December 10, 2020

After you buy a house, you want to make sure the property and your belongings are insured against damage. Homeowner’s insurance protects you in the event of an accident or disaster involving your home. It insures your house and contents, for losses due to fire, lightning, theft, or vandalism, as well as personal liability claims brought against you. Some types of disaster-related damage, however, such as by floods or earthquakes, are typically not covered by a standard homeowner’s insurance policy, instead requiring separate policies.

The cost of homeowner’s insurance premiums varies by region, depending on factors such as local crime rates, local building costs, and risk of natural disasters. There are also often discounts if you have safety precautions in your home such as deadbolts, smoke detectors, and security systems.

Most standard homeowner’s insurance policies include four types of coverage: coverage for the building structure, coverage for personal belongings, personal liability coverage, and additional living expenses if you cannot live at home due to insured damage.

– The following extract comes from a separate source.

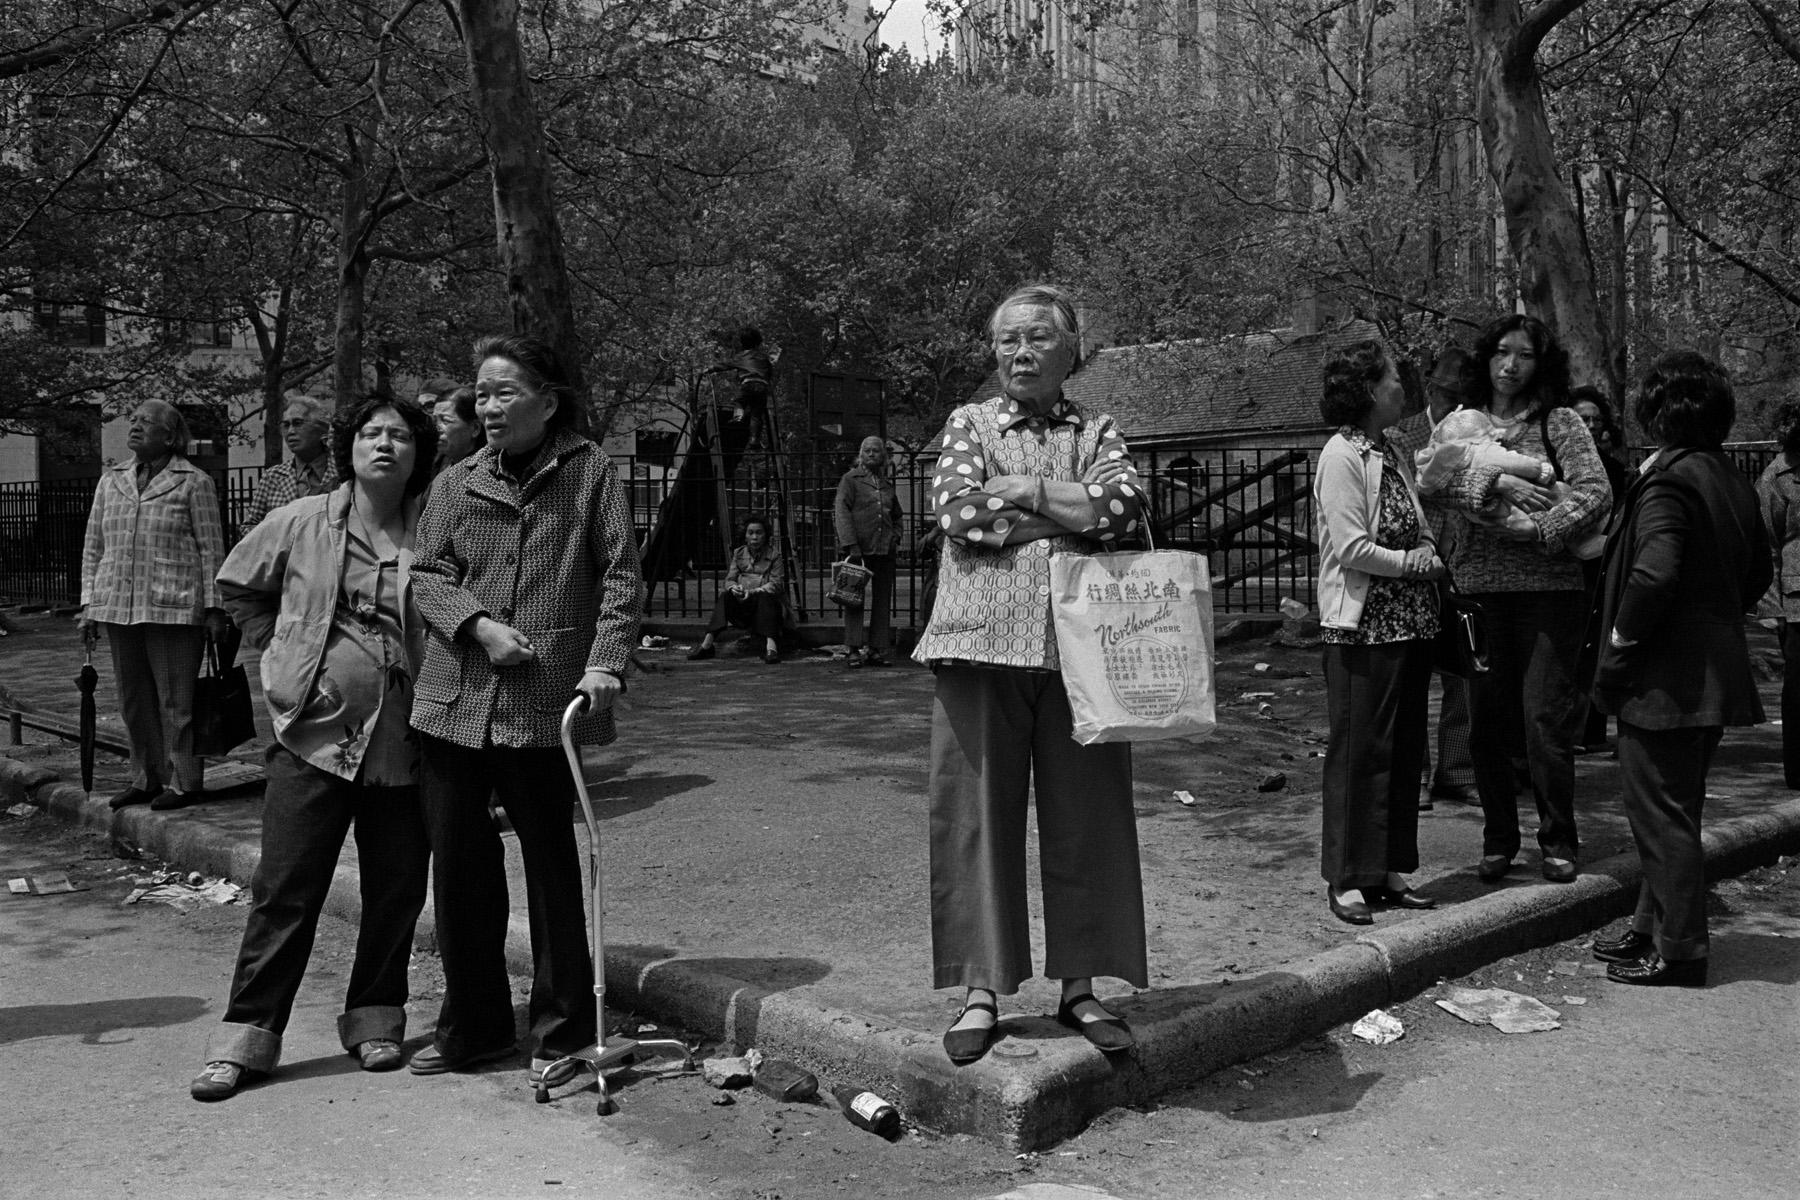 Columbus Park, New York Chinatown,1983

Coverage for the building structure:  This is to repair or rebuild your home (and sometimes detached structures like tool sheds and garages) if it is damaged by a covered accident or disaster, such as fire or hurricane. You want to make sure the coverage amount is enough to rebuild your home if it is completely destroyed.

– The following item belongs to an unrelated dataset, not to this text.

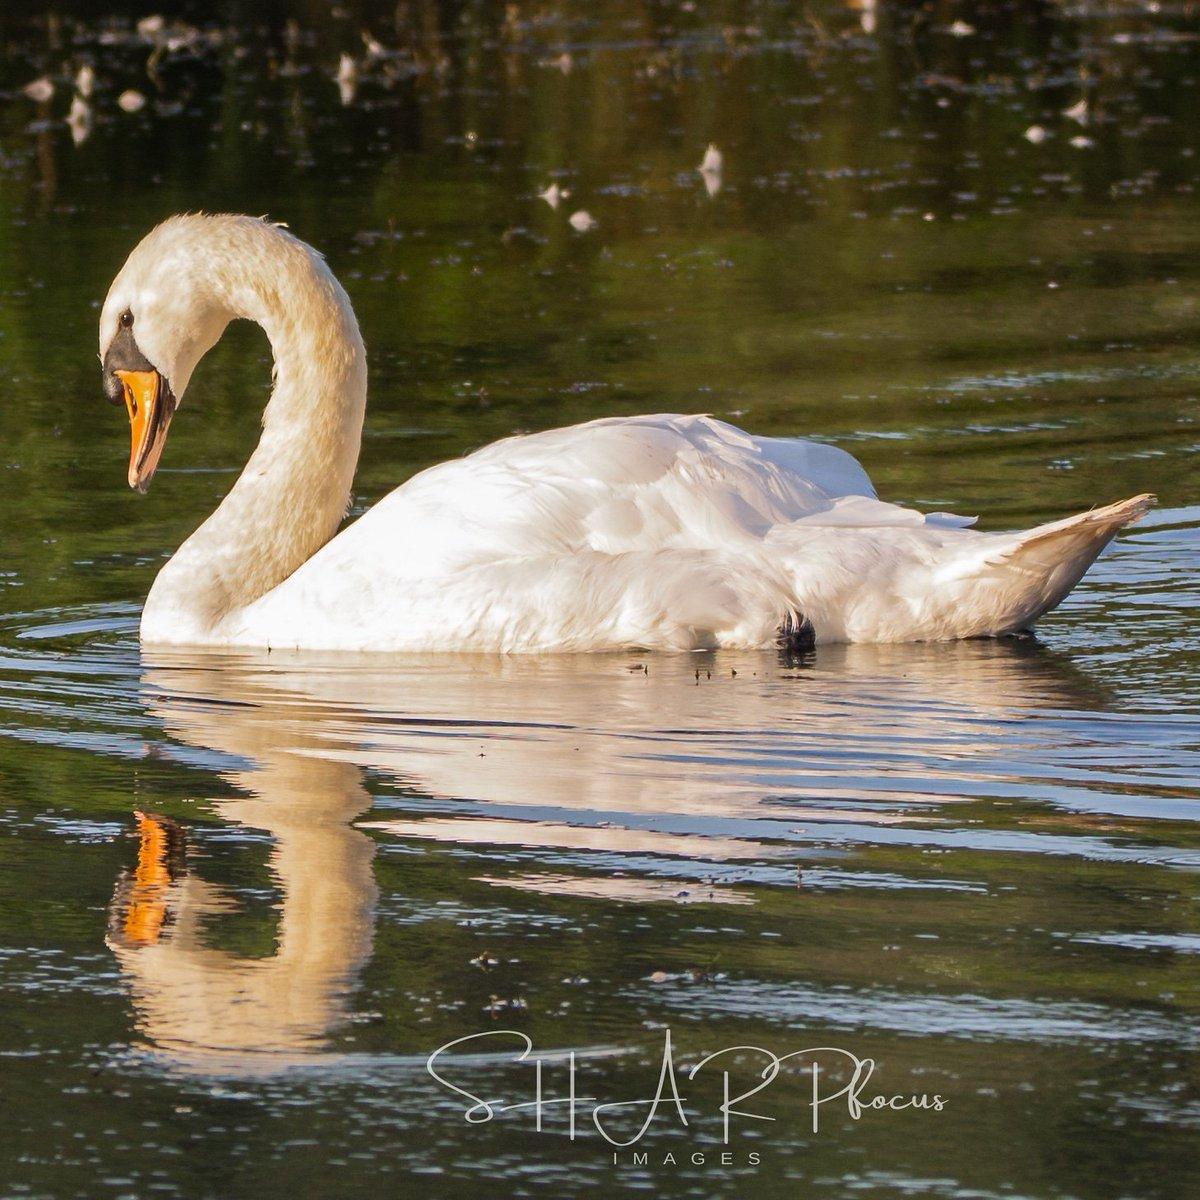 Mute Swan at dawn. North Wales. July 2020 Canon + Sigma lens 150-600 mm. ISO1600 f/6.3 1/600. #swan #muteswan #whiteswan #gardenbirds #ukbirds #ukgardenbirds #birdsuk #sharpfocusimages #ukwildlife #bbcspringwatch #rspb #northwaleswildlifetrust #rspbcymru #britishbirds #birds

Coverage for personal belongings:  This type of coverage is for any furniture, clothing, etc. that is damaged by a covered accident/disaster. (Most policies also include off-premises coverage, meaning items stolen from your car would also be insured.) While expensive items like jewelry are often covered, it is normally only up to a maximum amount, so you may need to purchase another policy or endorsement if you want these things insured up to their full value. Landscaping items such as trees can also be covered, but not for damage caused by poor maintenance or disease.

Personal liability coverage:  Though not necessarily related to your home, most standard policies include coverage for lawsuits for property damage or bodily injury caused by you, your family, and your pets. Policies also normally include no-fault medical coverage, if someone is injured in your home.

Additional living expenses:  This covers your hotel and meal costs if you cannot live at home for some period of time due to a covered accident/disaster.

Even though it’s most commonly known as homeowner’s insurance, you can also get renter’s insurance if you rent instead of own, which provides similar liability and property protections (although it doesn’t cover the building itself, as that would be the landlord’s responsibility).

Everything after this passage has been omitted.